Density scaling of the diffusion coefficient at various pressures in viscous liquids

TL;DR

This paper develops an analytical model based on thermodynamics and solid-state defect theory to describe how the diffusion coefficient in viscous liquids scales with density across various pressures, aligning with recent simulation results.

Contribution

It introduces a second-order polynomial function for density scaling of diffusion coefficients, directly linking parameters to the Gruneisen constant, and confirms the model with simulation data.

Findings

Density scaling diffusion isotherms collapse onto a master curve.

The model parameters are determined solely by the scaling exponent.

Results agree with recent computer simulations of Lennard-Jones liquids.

Abstract

Fundamental thermodynamics and an earlier elastic solid-state point defect model [P. Varotsos and K. Alexopoulos, Phys.
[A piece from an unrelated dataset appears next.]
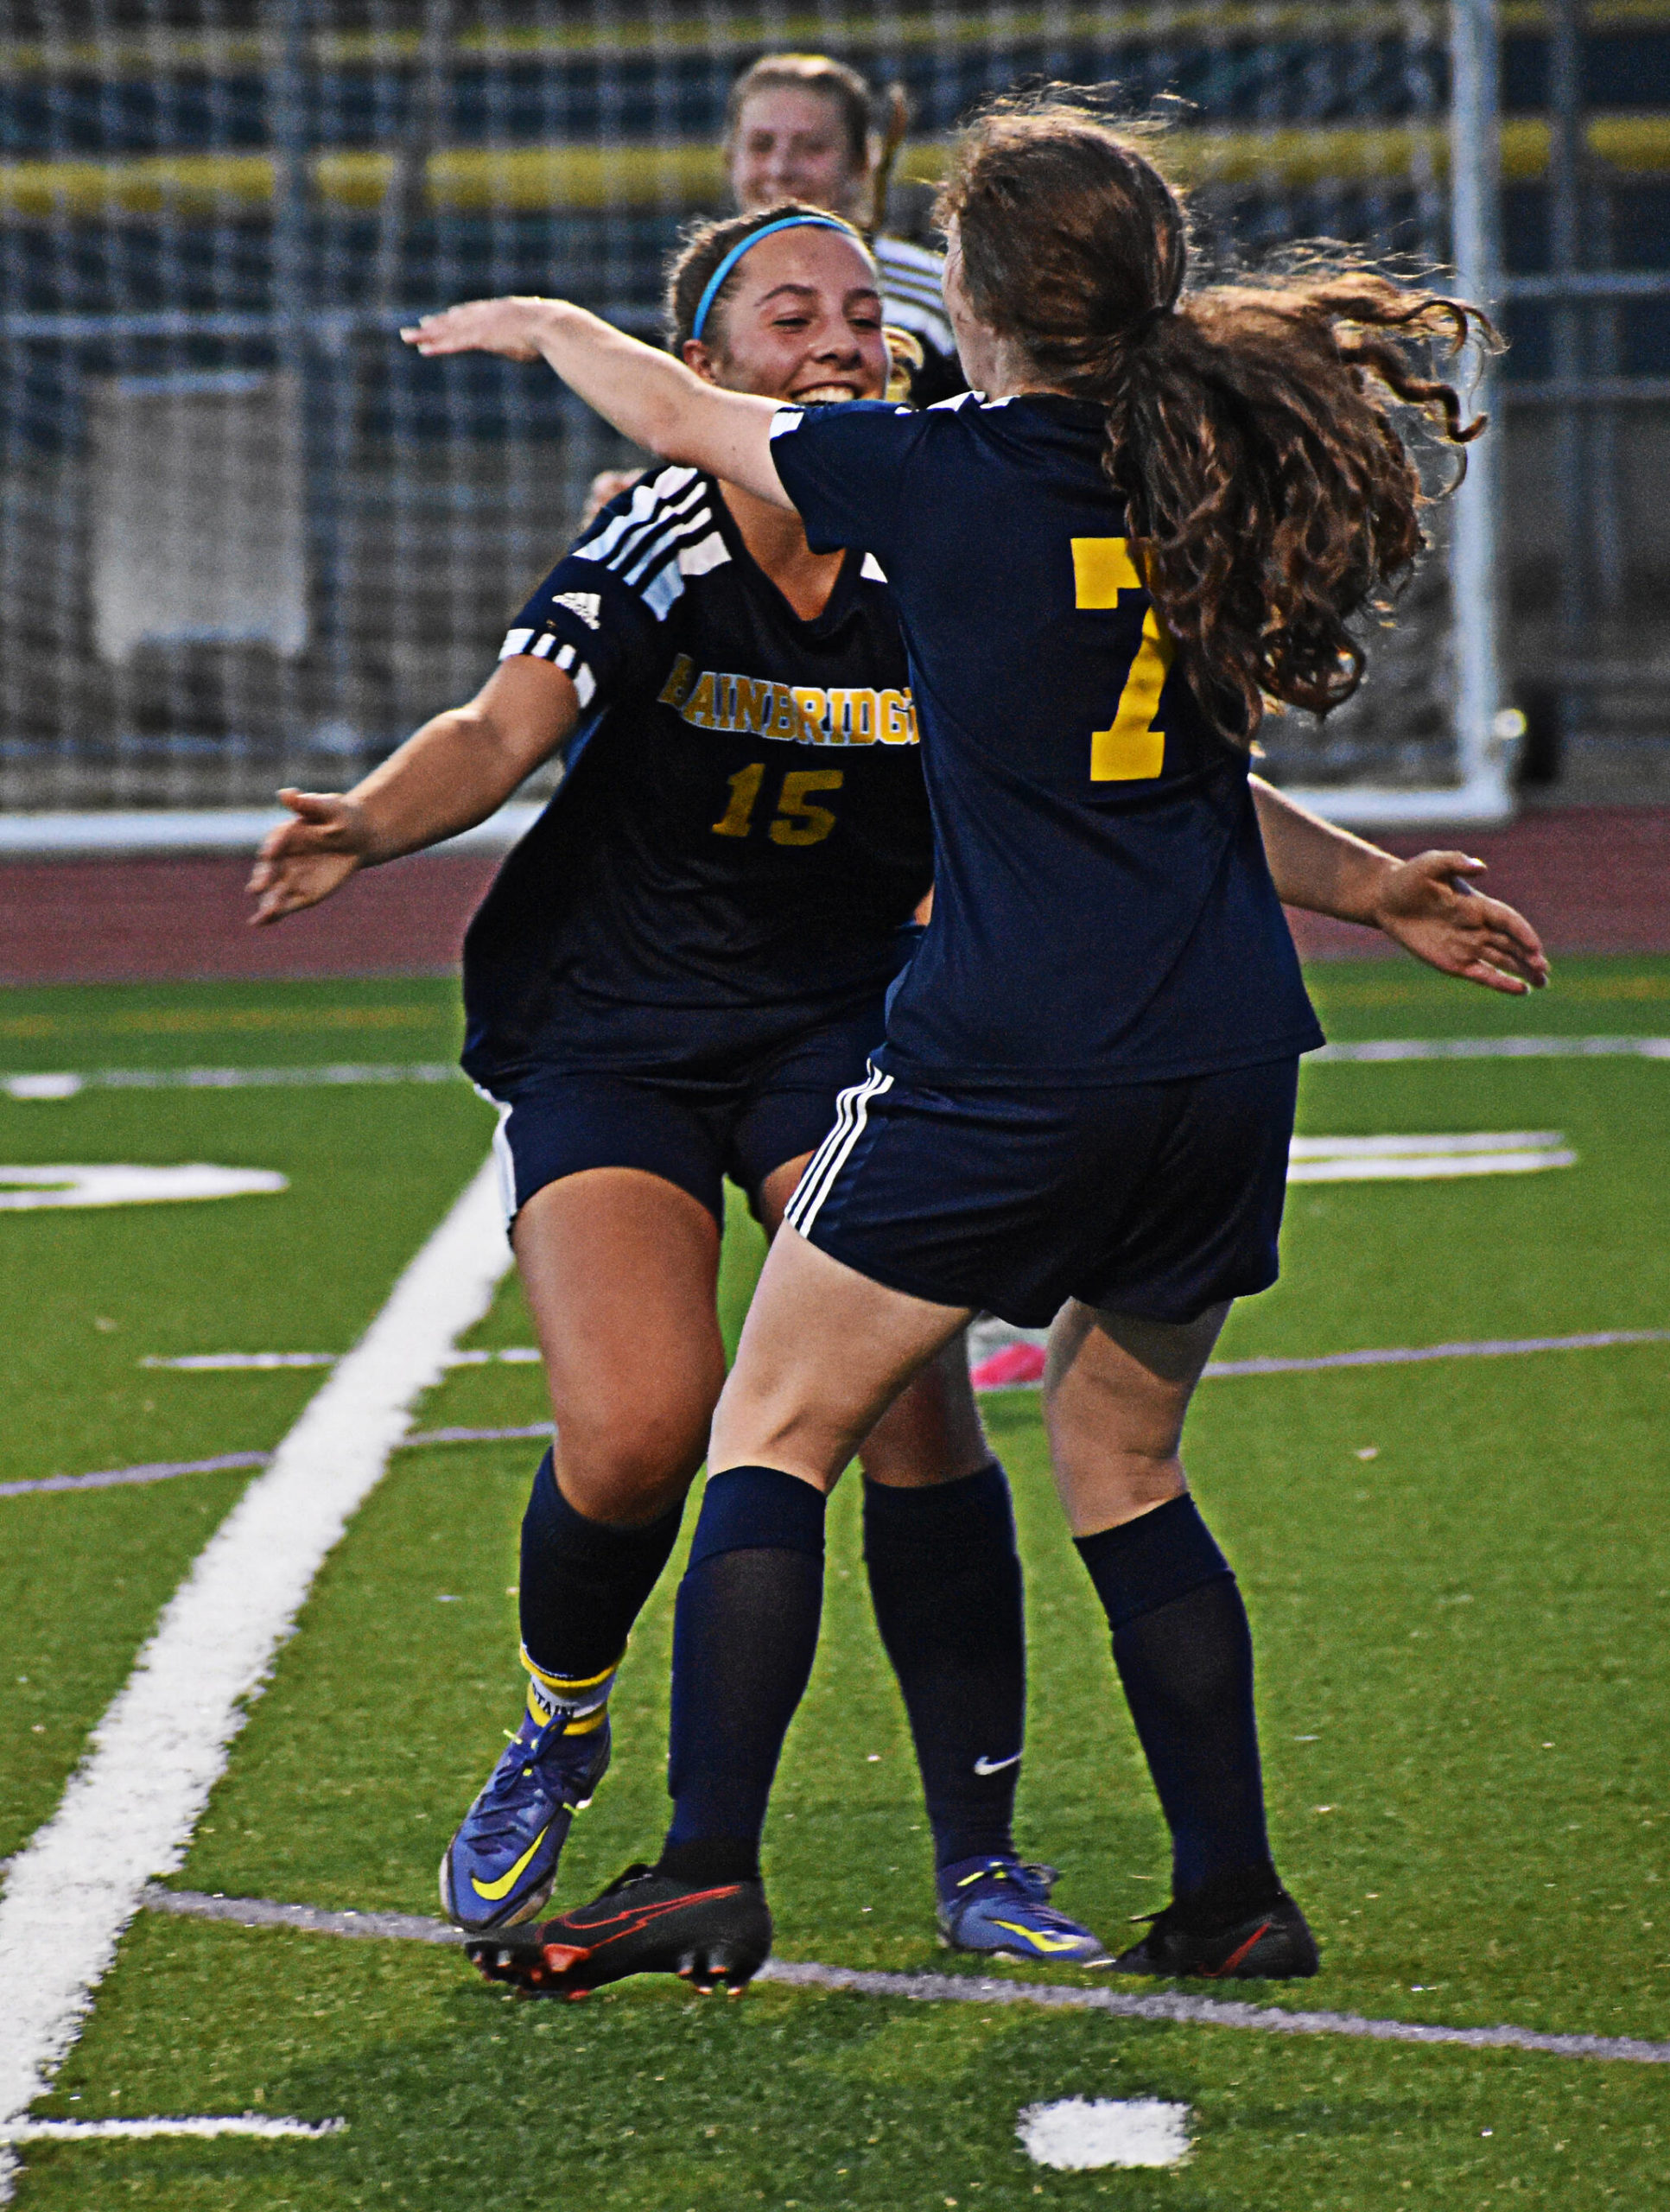 Gabby Weis celebrates with Savannah Mabee after scoring the first of four goals in the game. Nicholas Zeller-Singh/Bainbridge Review Photos

Rev B 15, 4111 (1977); 18, 2683 (1978)] are employed to formulate an analytical second-order polynomial function describing the density scaling of the diffusion coefficient in viscous liquids. The function parameters are merely determined by the scaling exponent, which is directly connected with the Gruneisen constant. Density scaling diffusion coefficient isotherms obtained at different pressures collapse on a unique master curve, in agreement with recent computer simulation results of Lennard-Jones viscous liquids, [D. Coslovich and C.M. Roland, J. Phys. Chem. B 112, 1329 (2008)].